DATA FOR REVIEW

--------------------------------

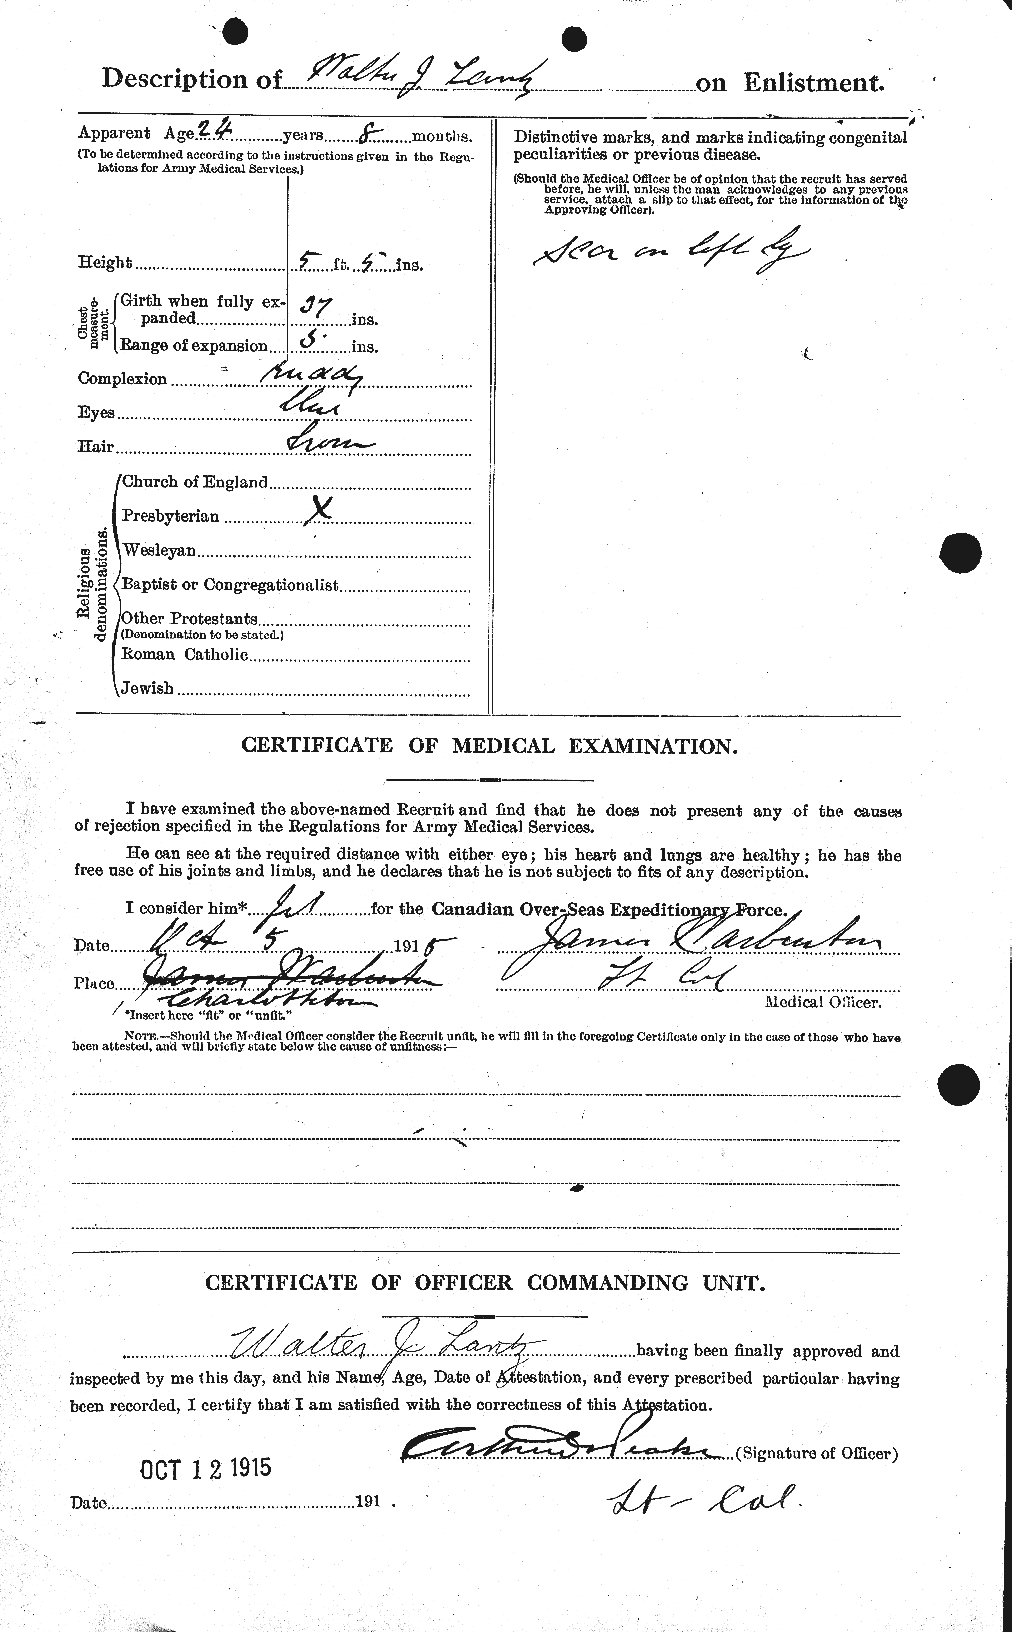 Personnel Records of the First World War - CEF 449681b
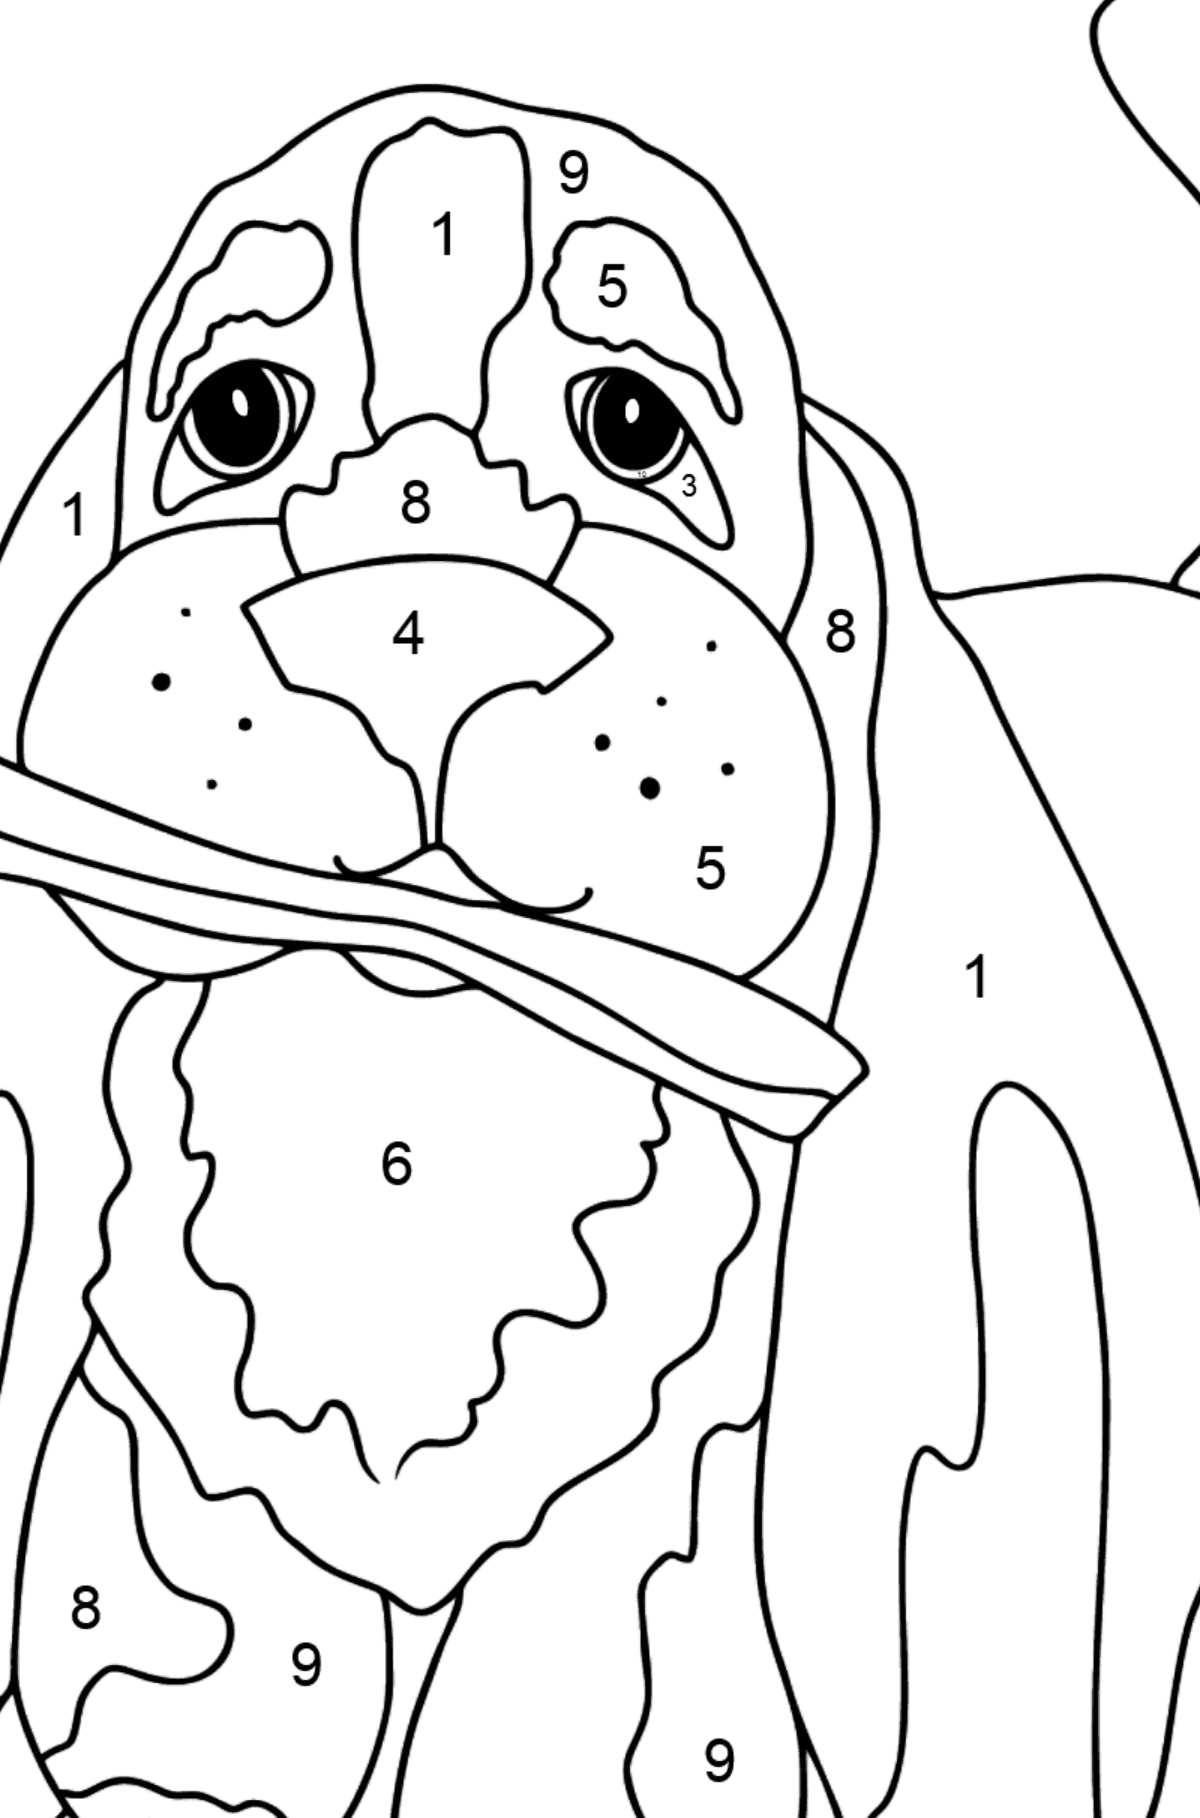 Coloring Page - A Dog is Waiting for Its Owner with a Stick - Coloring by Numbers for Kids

--------------------------------

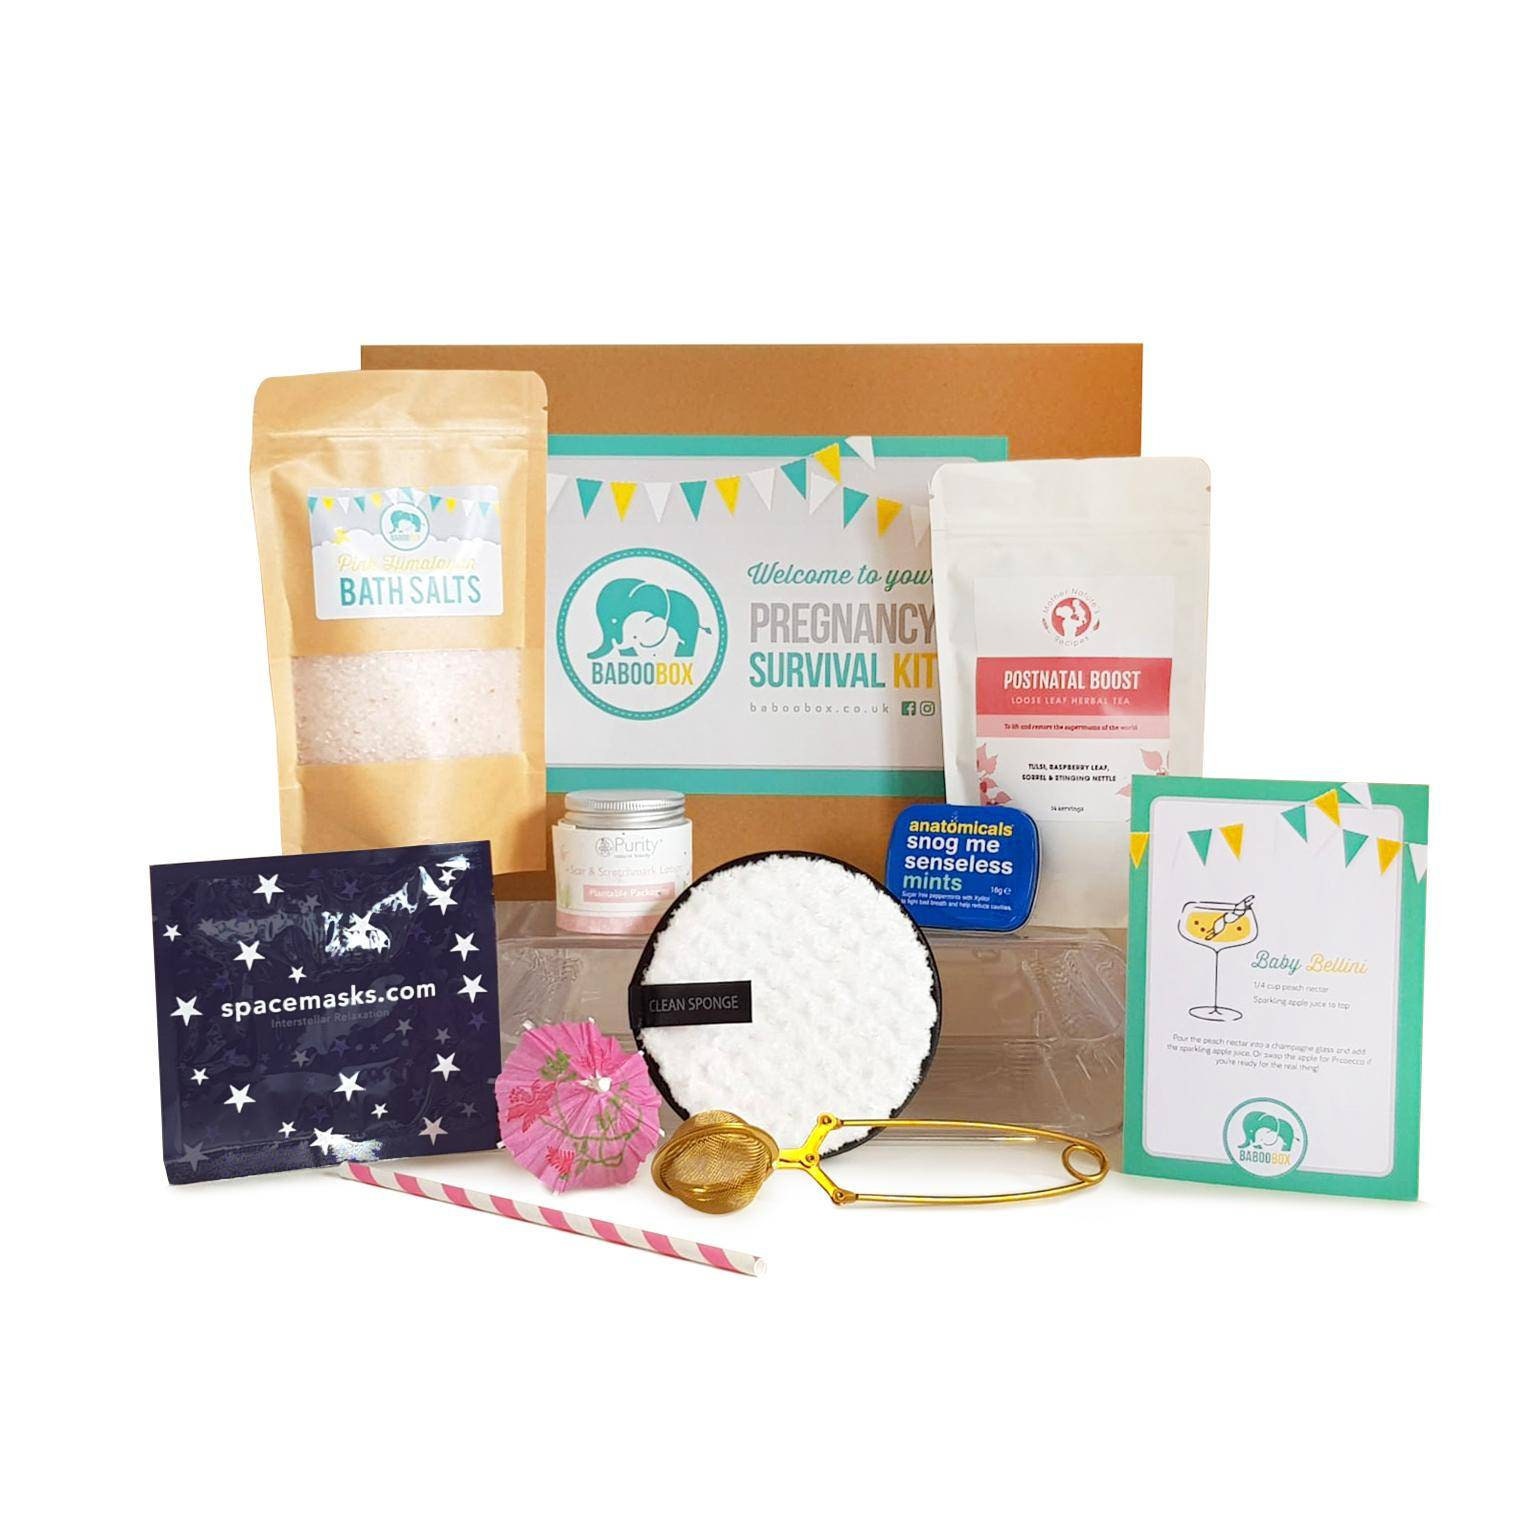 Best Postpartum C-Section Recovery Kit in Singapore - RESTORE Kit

--------------------------------

TASK STATEMENT
While skipping the pictures, transcribe the data above from the line showing "Personnel Records of" through the line showing "Coloring Page - A", exactly and with both ends.

EXPECTED OUTPUT
 Personnel Records of the First World War - CEF 449681b
 Coloring Page - A Dog is Waiting for Its Owner with a Stick - Coloring by Numbers for Kids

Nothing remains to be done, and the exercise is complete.